Solimán el Magnífico, sultán de Constantinopla, otorgaba documentos a los piratas para convertirlos en piratas con licencia. Así que los verdaderos piratas de aquel rumbo, eran los que, en vez de tramitar sus documentos en la oficina correspondiente, organizaban un abordaje y robaban la licencia del pirata registrado.
Podemos aprovechar, ya que vamos navegando, para enumerar las bebidas que cargaba un barco con capitán de respeto (el respeto se ganaba robando la licencia de algún capitán respetuoso de las disposiciones de El Magnífico): ajenjo, ron de Jamaica, ginebra de Holanda, cerveza de Irlanda y vino de La Rioja. El bar de a bordo era muy importante; en 1718 la tripulación de Barbanegra, según cuenta en su bitácora de viaje, comenzó a enloquecer por la falta de bebidas alcohólicas: el capitán tuvo que torcer el rumbo en busca de un navío indefenso y bien abastecido: ``por fin saqueamos un barco con un gran cargamento de licor, de este modo la tripulación ha entrado en calor, están borrachos, las cosas han vuelto otra vez a su cauce''.
Uno de los piratas permisionados por Solimán, tuvo la idea de anunciar su estado legal con una bandera enorme que decía ``barco con licencia'', y que ondeaba amarrada del palo de mesana. Un cambio brusco de vientos enredó la bandera con la botavara de la vela cangreja y organizó un desorden en el timón que terminó con el barco encallado en la arena. En cambio, otro que exhibía la misma bandera corrió con otro tipo de suerte, perdió dos mástiles con todo y velas cuando cruzaba la línea de vientos de los roaring fourties. Con tres cuartos de arboladura perdida, el capitán no tuvo más remedio que reordenar la superficie de la bandera para que funcionara como vela, y así navegó durante días hasta que llegó al puerto.
Los capitanes de estos dos barcos que modificaron su historia por culpa de una bandera demasiado grande, son un enigma histórico y un ejemplo de optimismo conmovedor, ¿pensaban que el anuncio los protegería de los piratas sin licencia? Del encallado se sabe que unos minutos después, cuando el capitán trataba de concebir las maniobras de reversa, fue abordado por una tripulación pirata que lo dejó sin licencia y sin bandera.

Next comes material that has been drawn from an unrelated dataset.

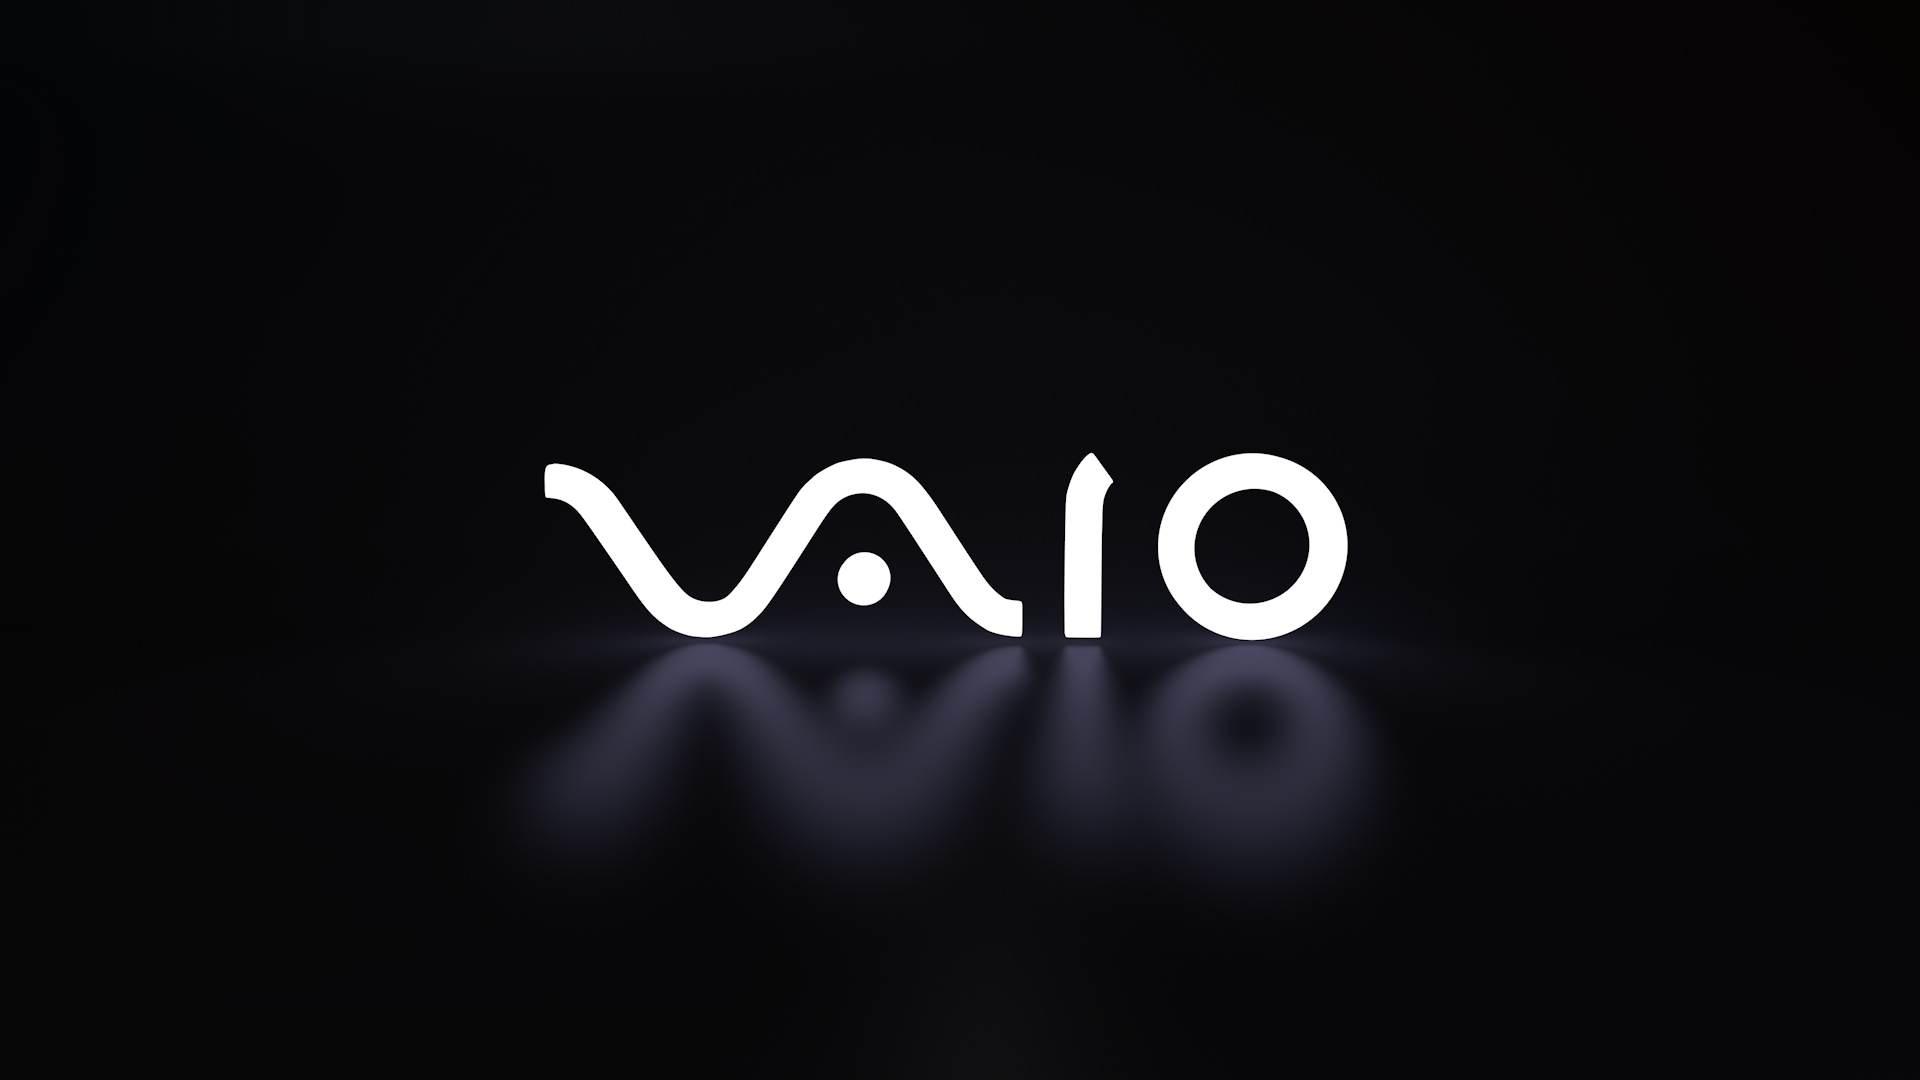 Free Download Hd Sony Vaio Wallpapers Vaio Backgrounds For Download 19x1080 For Your Desktop Mobile Tablet Explore 50 Sony Vaio Wallpaper 1080p Sony Wallpapers 19x1080 Sony Vaio Desktop Wallpaper

Las banderas de los barcos, del país que representan o de la calavera subrayada por un par de tibias, tienen que ser pequeñas o en forma de banderín para no ofrecer tanta resistencia al viento.
En un país de Oriente existe un apartado postal, y recientemente una dirección en internet, donde las personas pueden enviar saludos, comentarios y hasta poemas a la bandera que los representa. Este ejercicio de abstracción tiene su contraparte en el nivel de intimidad concreta que observan otros países, Estados Unidos e Inglaterra por ejemplo, al estampar los calzones de sus ciudadanos con el diseño y los colores de su bandera nacional.
Las banderas pequeñas evitan que el viento se lleve al barco, pero contradicen esa lógica de las banderas que sugiere que el nivel de amor y de pasión se mide según las dimensiones. El que navega por Insurgentes sur con una bandera del América, que es del tamaño de su Maverick, quiere más a su equipo que aquel que saca un tímido banderín de las Chivas por la ventanilla de su Datsun. Aquellos que robaban las licencias que otorgaba Solimán el Magnífico estaban a salvo de esta lógica que sucumbía frente a la lógica del buen pirata, que nunca enseña ni cuánto ama, ni cuántas ganas tiene de matar.
El que navega por el Periférico en su automóvil, con la brújula puesta hacia el norte, encontrará en una de las curvas de Chapultepec una bandera mexicana enorme que ondea majestuosa cuando hay viento. Lo mismo encontrará cuando navegue hacia el sur, a la altura de San Jerónimo, o cuando trate de circular alrededor de la Plaza de la Constitución. Parece que la idea es sembrar la ciudad de México de banderas mexicanas gigantescas (¿qué no era ya bastante palpable nuestra mexicanidad?). Los quejosos que siempre son más prácticos, se han quejado, con razón, de que con el dinero que cuestan esas banderas espectaculares podría resolverse alguno de los problemas graves que amenazan el equilibrio de la ciudad. Por otra parte, varias facciones de románticos, sin noción alguna de practicidad, se acomodan todas las tardes, a la hora del viento, en alguna azotea estratégica. Equipados con telescopios y binoculares, o a simple vista, esperan el momento en que la Plaza de la Constitución, o algún otro de esos sitios con velamen de bandera, vuele por los aires a todo trapo.